** Provided data **
····················

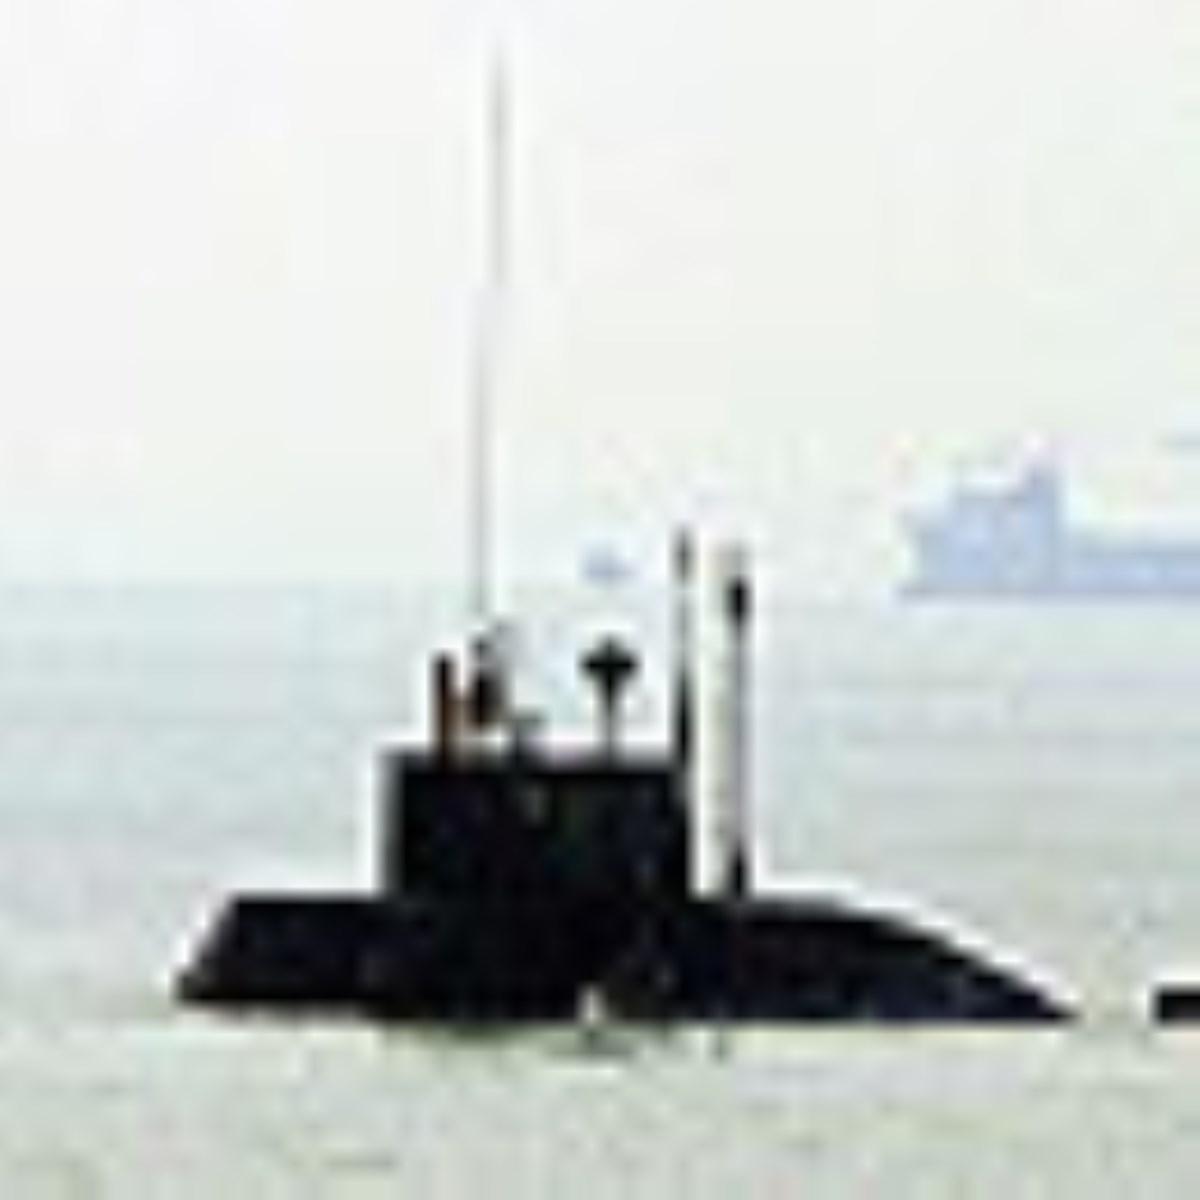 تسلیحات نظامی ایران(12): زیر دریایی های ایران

····················

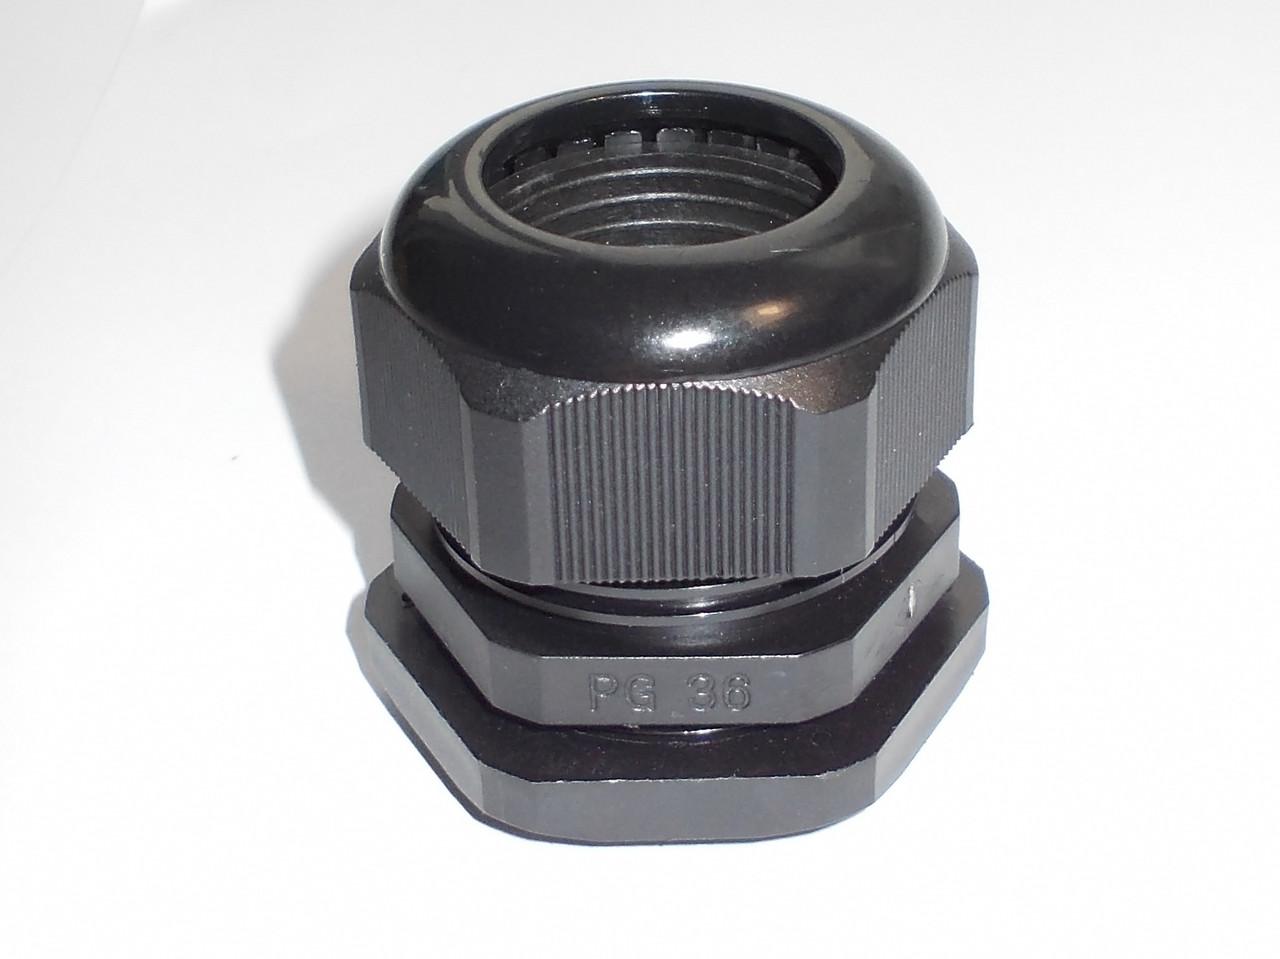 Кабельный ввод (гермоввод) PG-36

····················

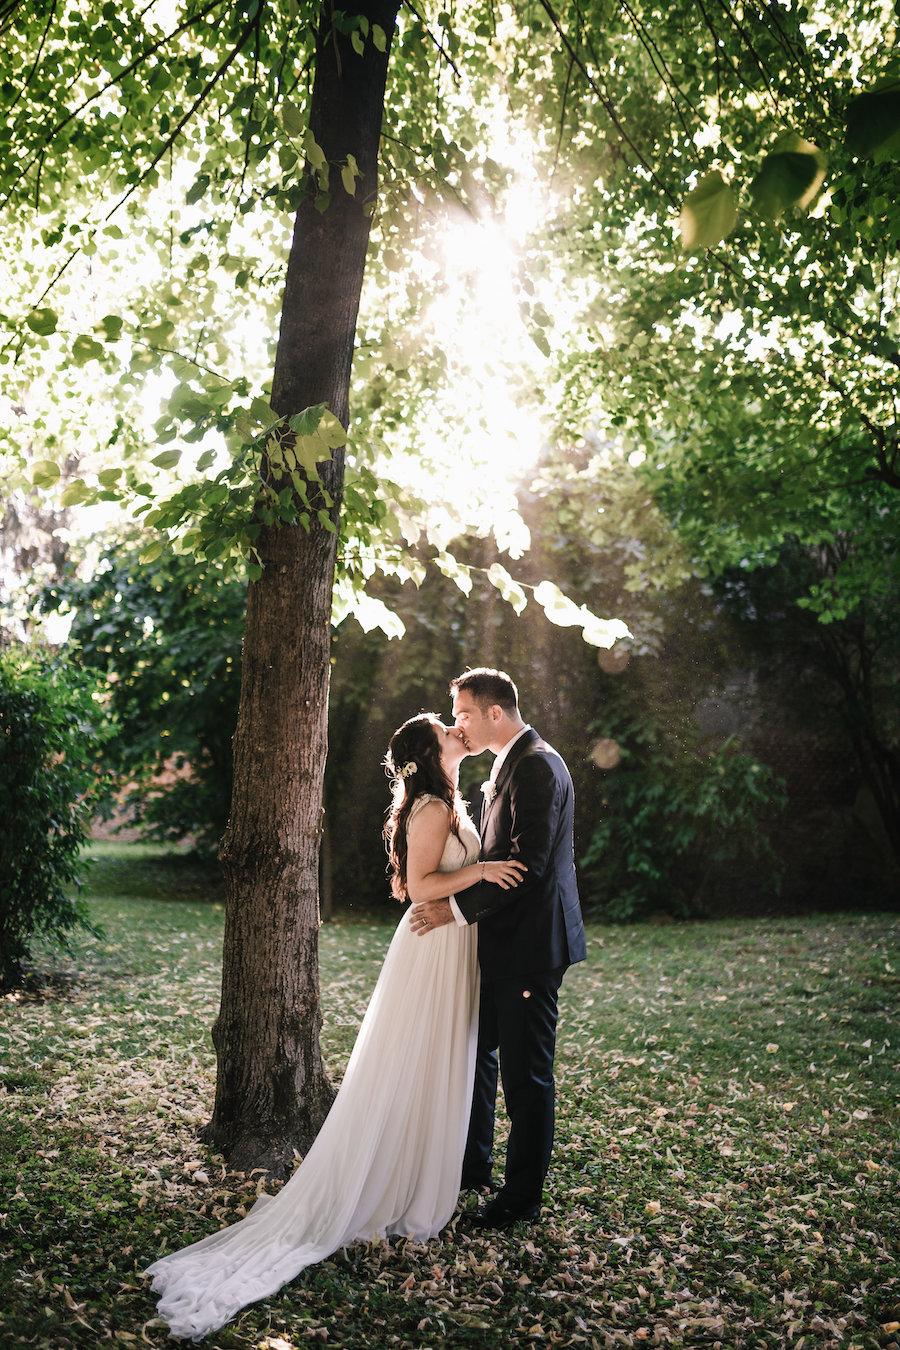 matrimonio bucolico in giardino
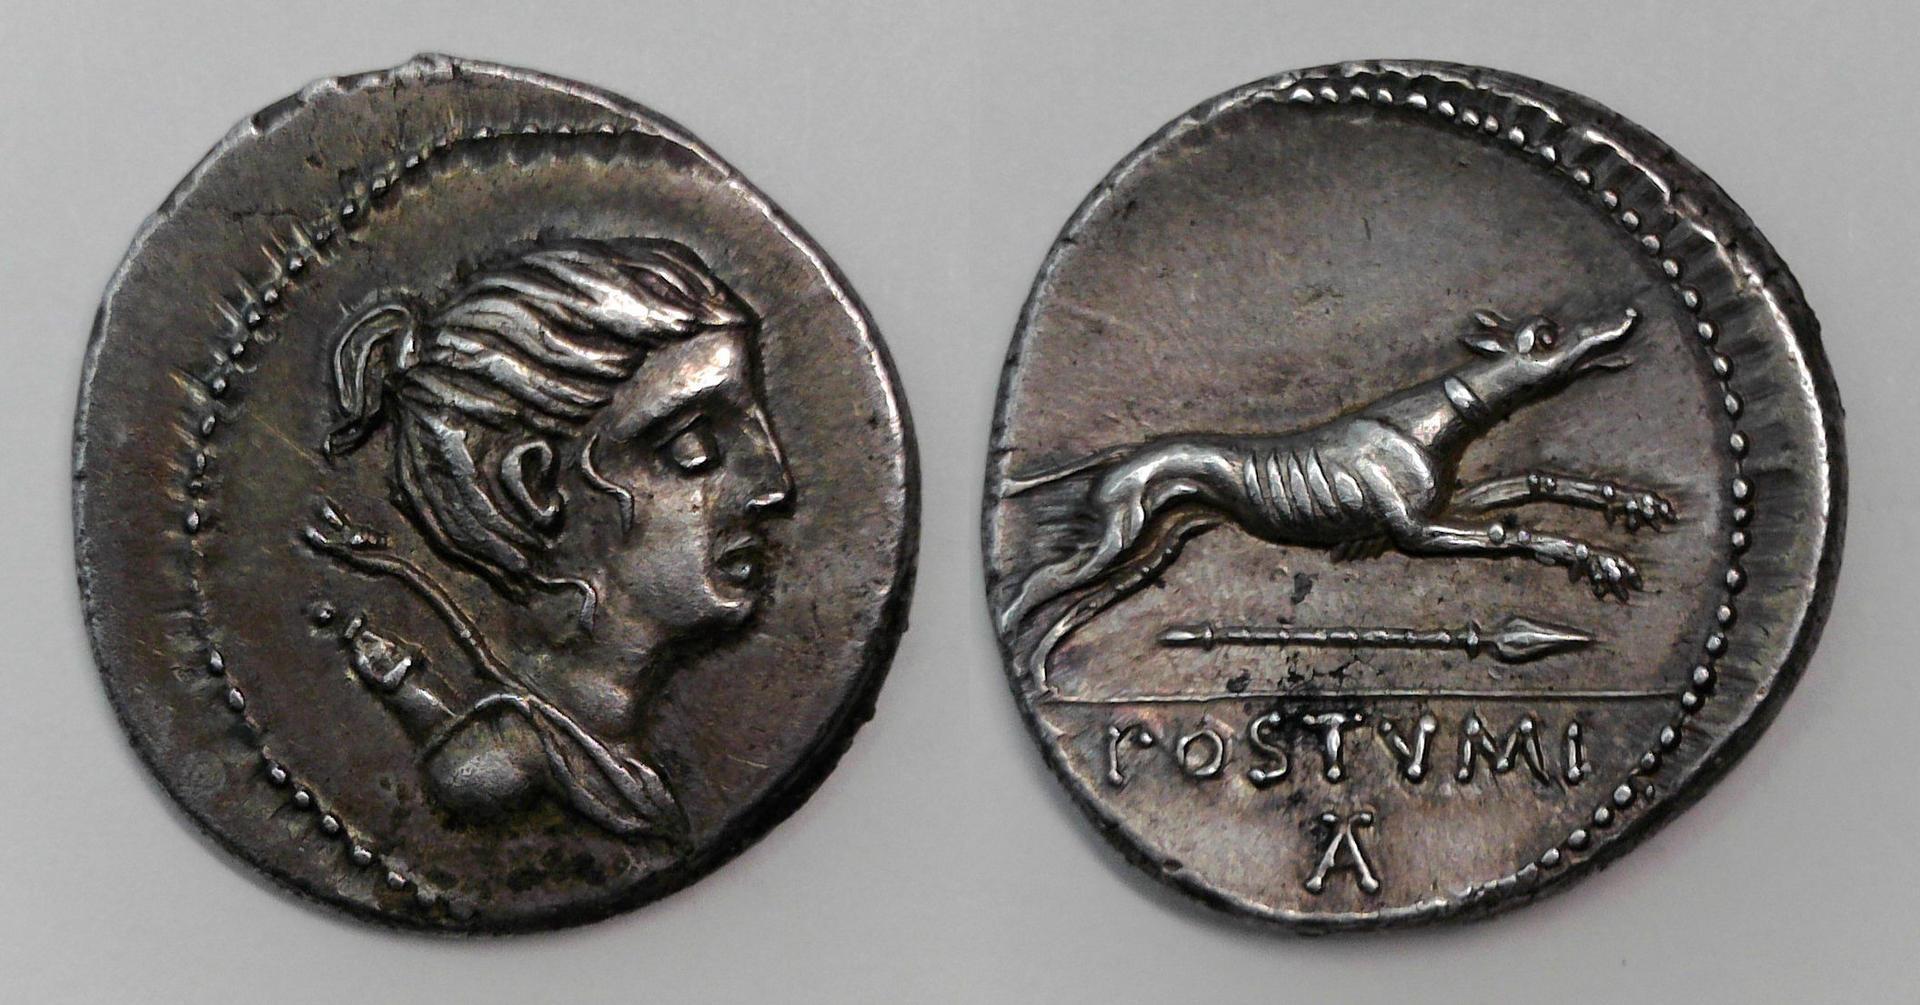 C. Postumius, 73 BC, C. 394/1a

····················

** Activity **
Above are the records. Copy word for word only their lines from the one holding "matrimonio bucolico in giardino" through the one holding "C. Postumius, 73 BC, C. 394/1a", both included, and skip the images.

** Task result **
 matrimonio bucolico in giardino
 C. Postumius, 73 BC, C. 394/1a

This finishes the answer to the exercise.